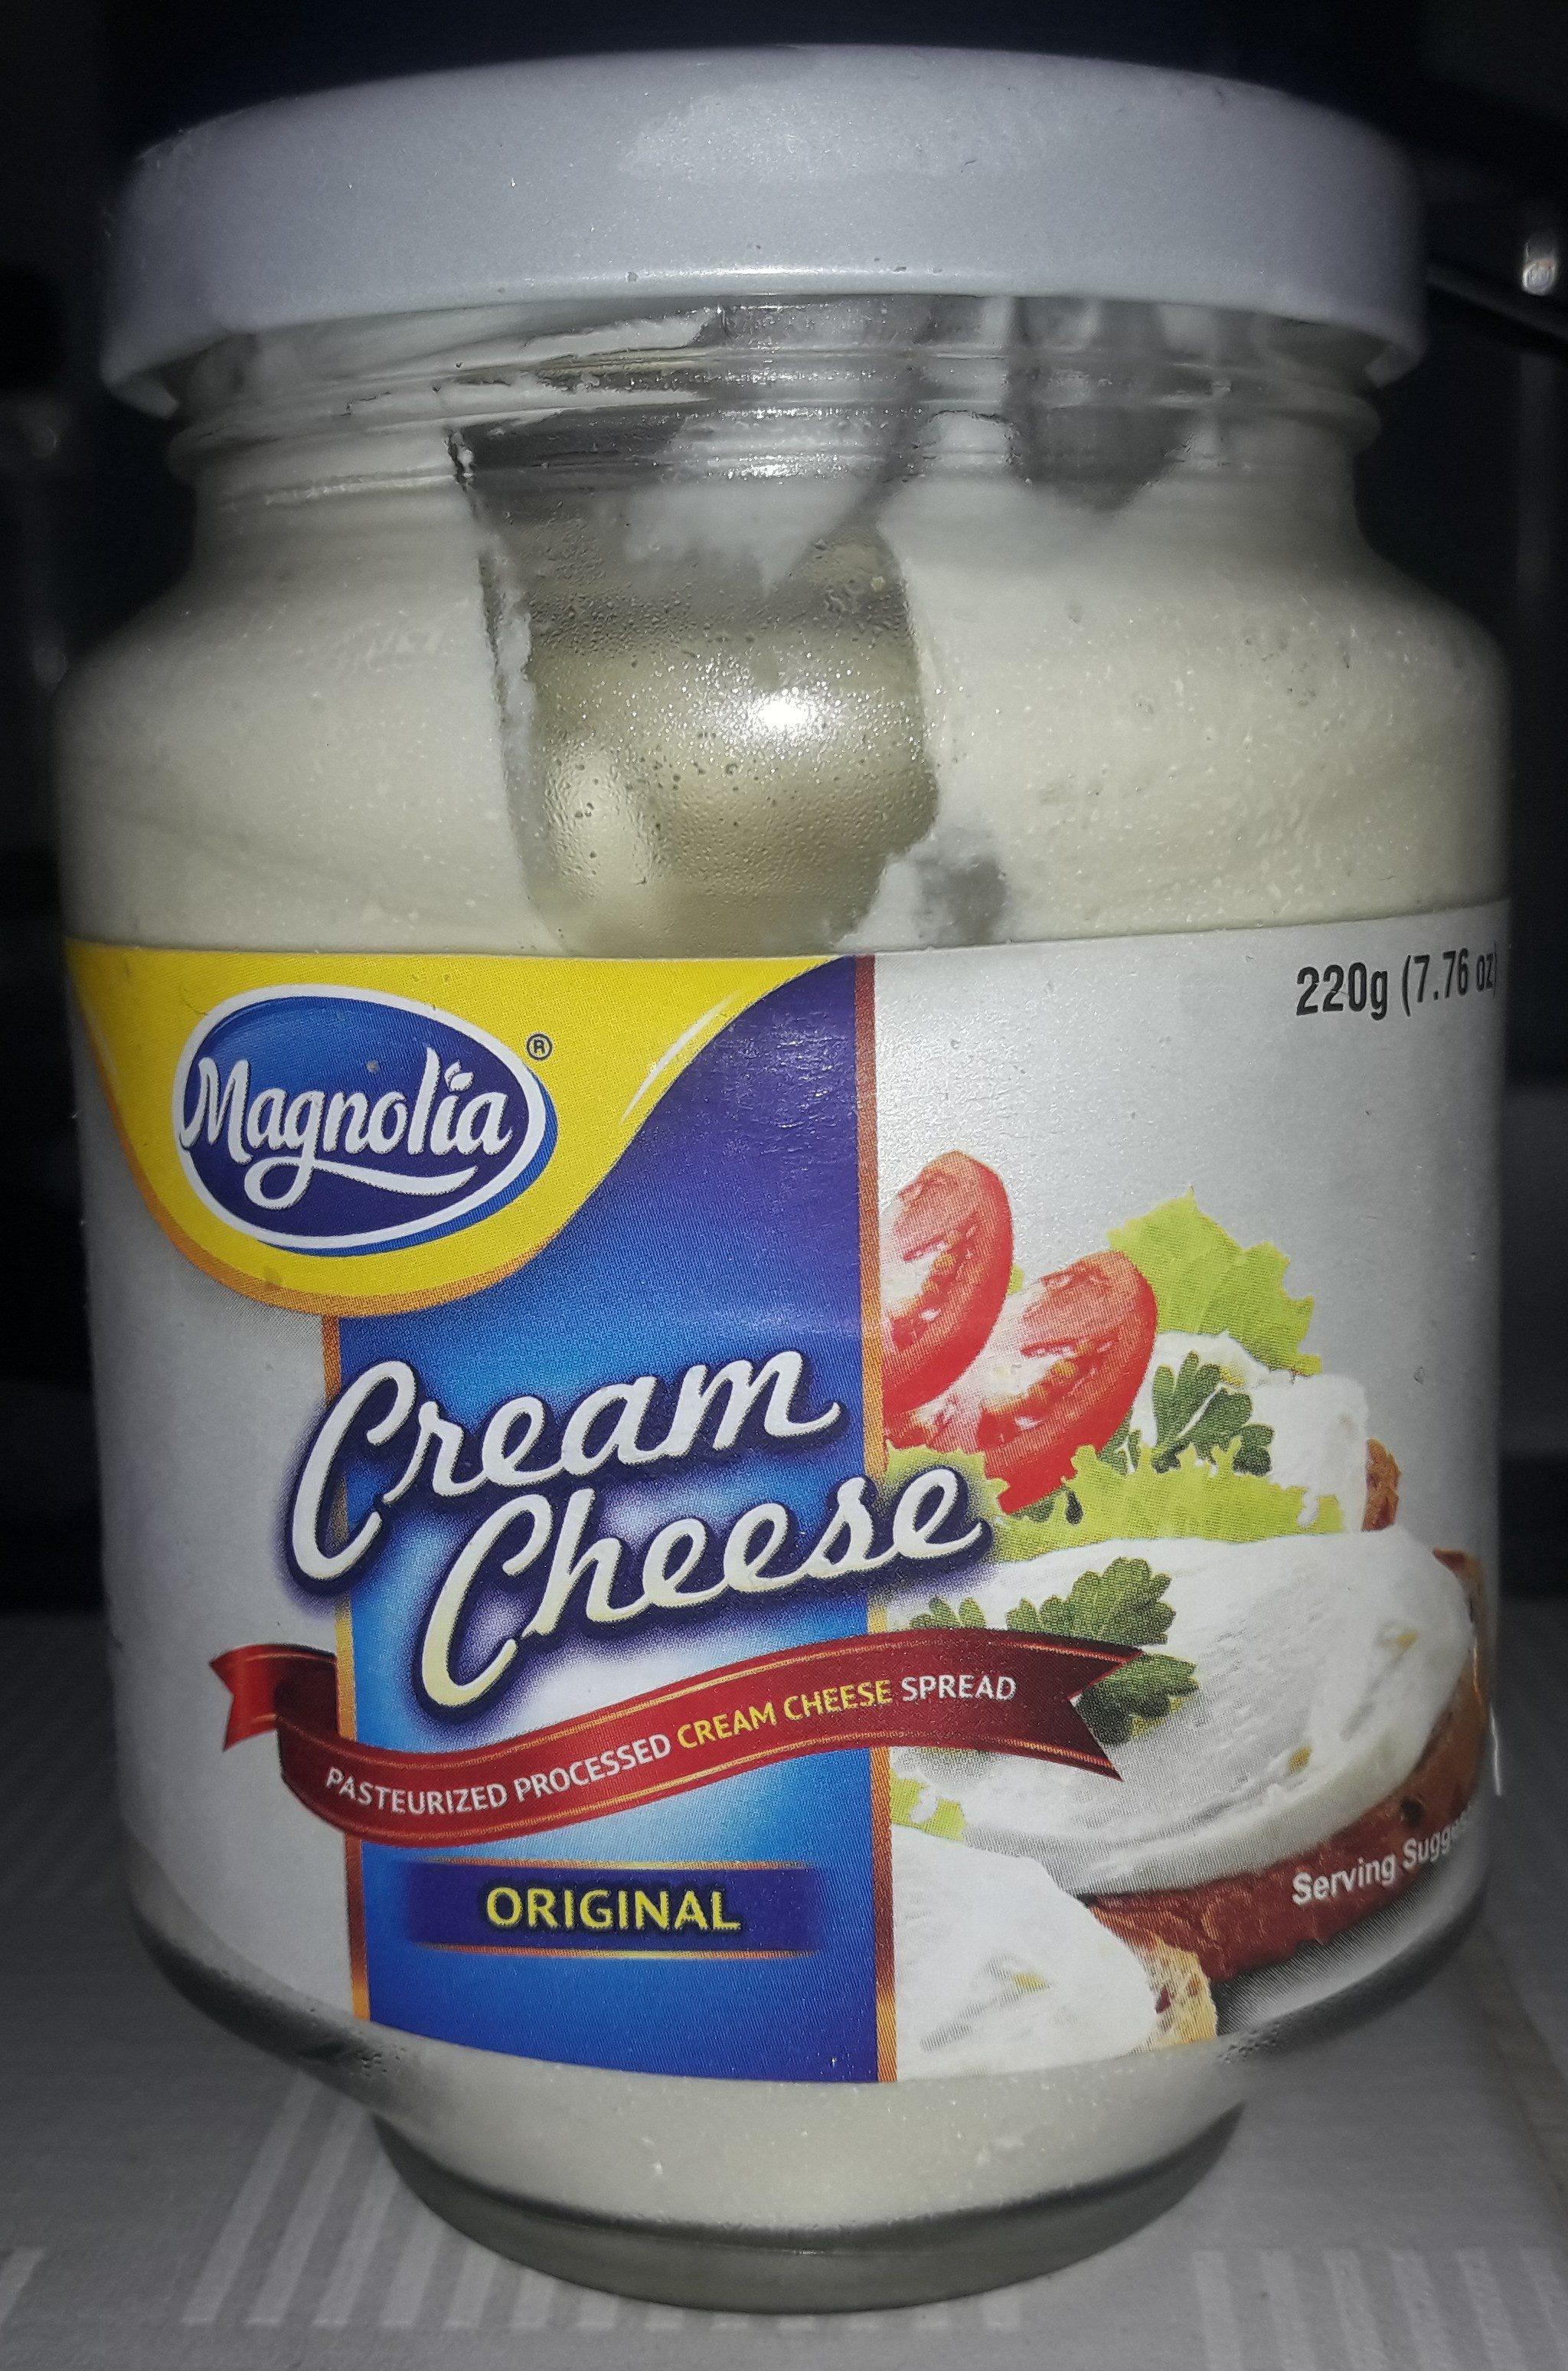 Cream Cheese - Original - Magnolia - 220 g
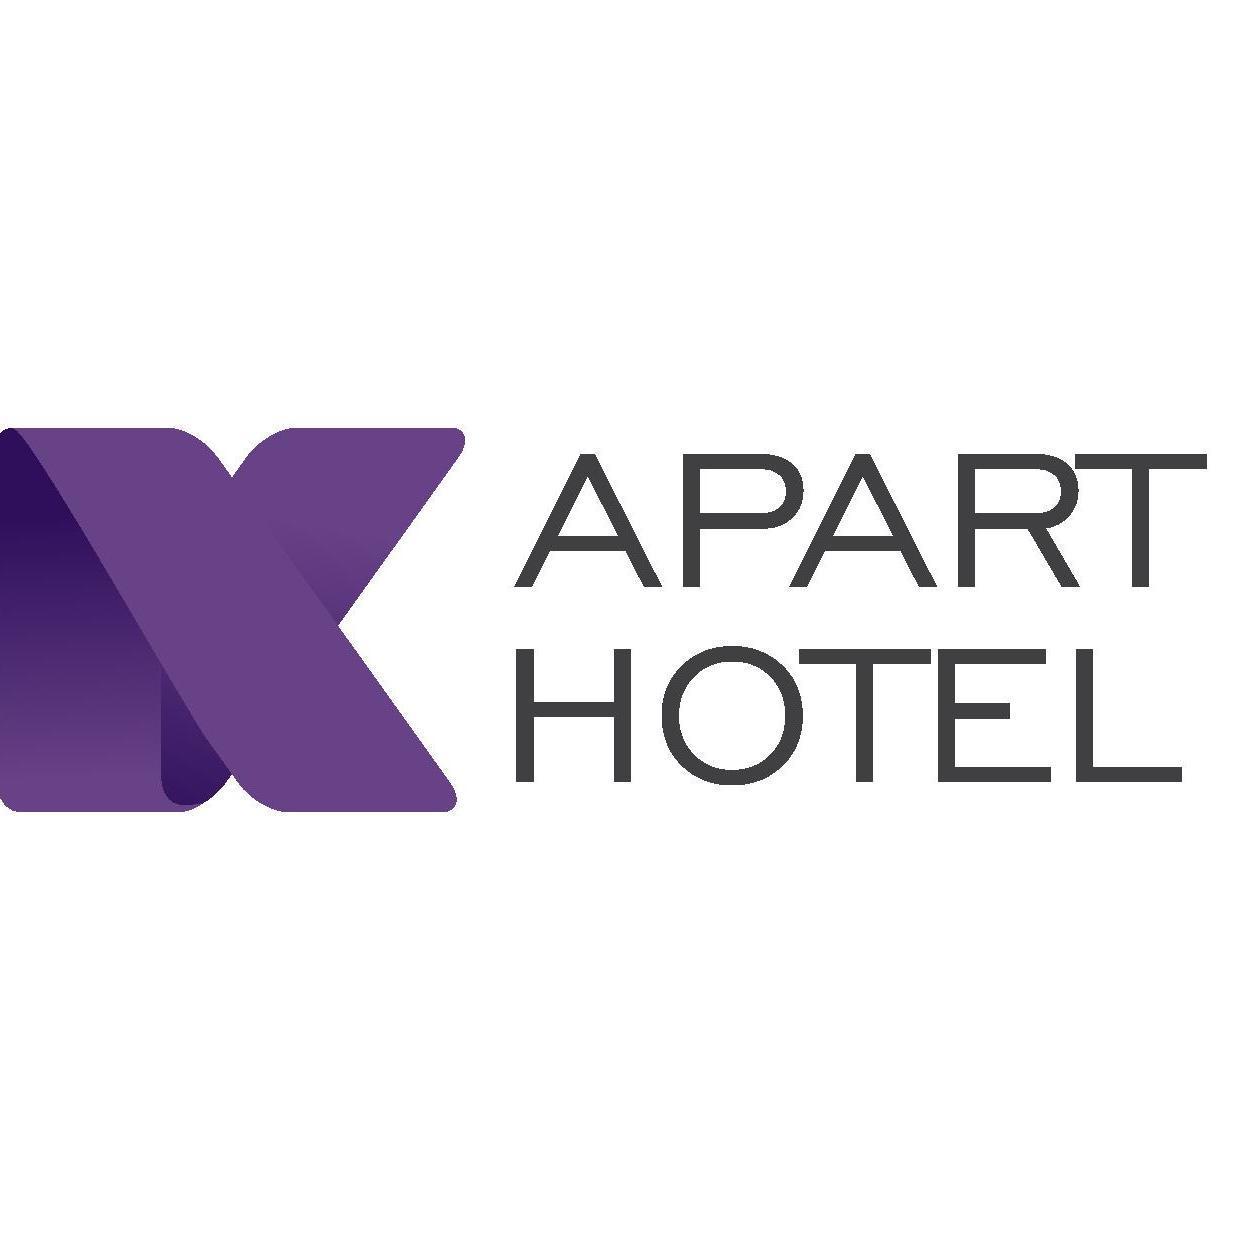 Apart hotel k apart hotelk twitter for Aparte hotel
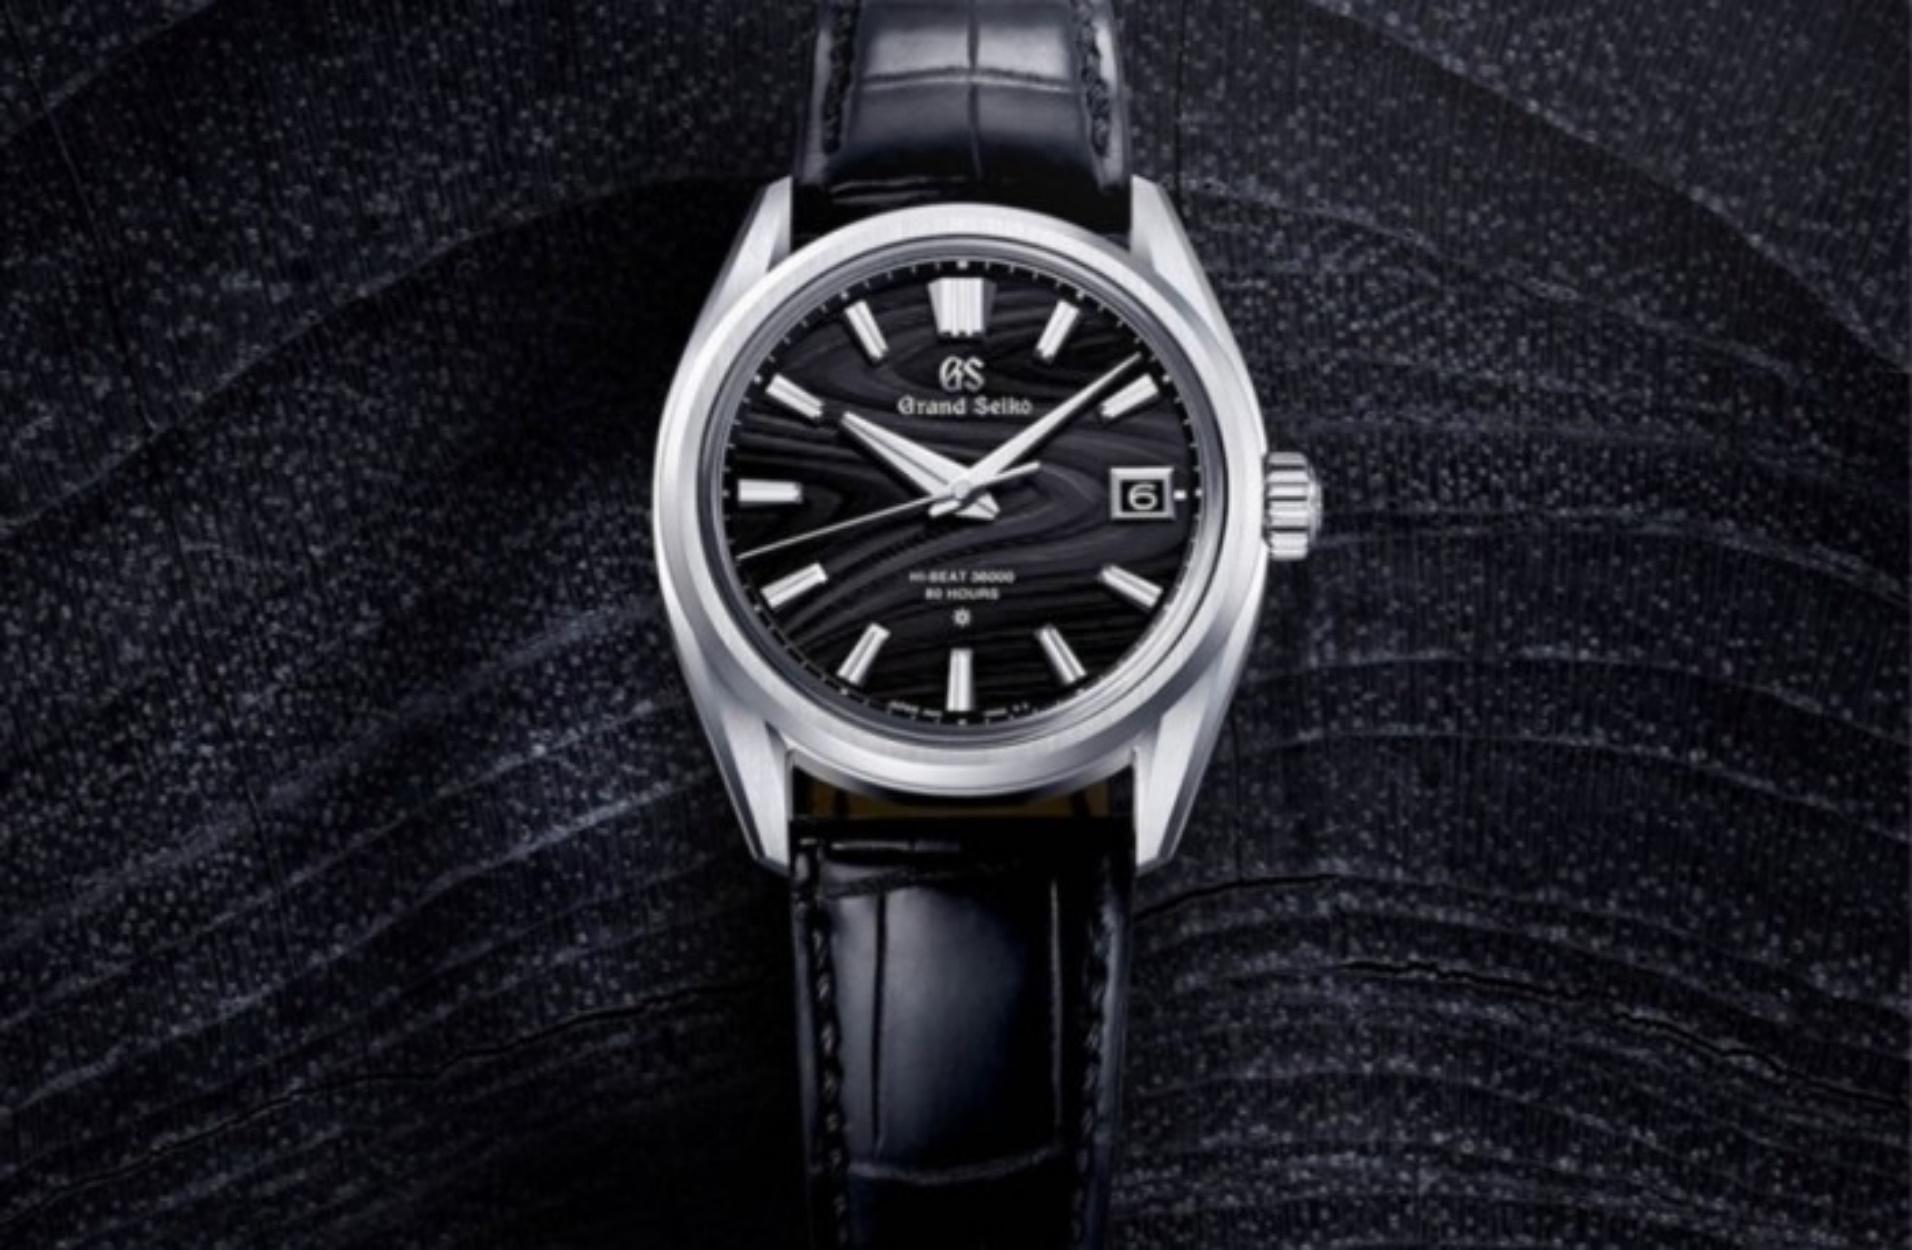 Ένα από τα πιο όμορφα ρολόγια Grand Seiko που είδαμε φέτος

.....

TASK BRIEF » Return the full listing above verbatim, please, but without its images.

ANSWER BELOW »
 Cream Cheese - Original - Magnolia - 220 g
 Apart hotel k apart hotelk twitter for Aparte hotel
 Ένα από τα πιο όμορφα ρολόγια Grand Seiko που είδαμε φέτος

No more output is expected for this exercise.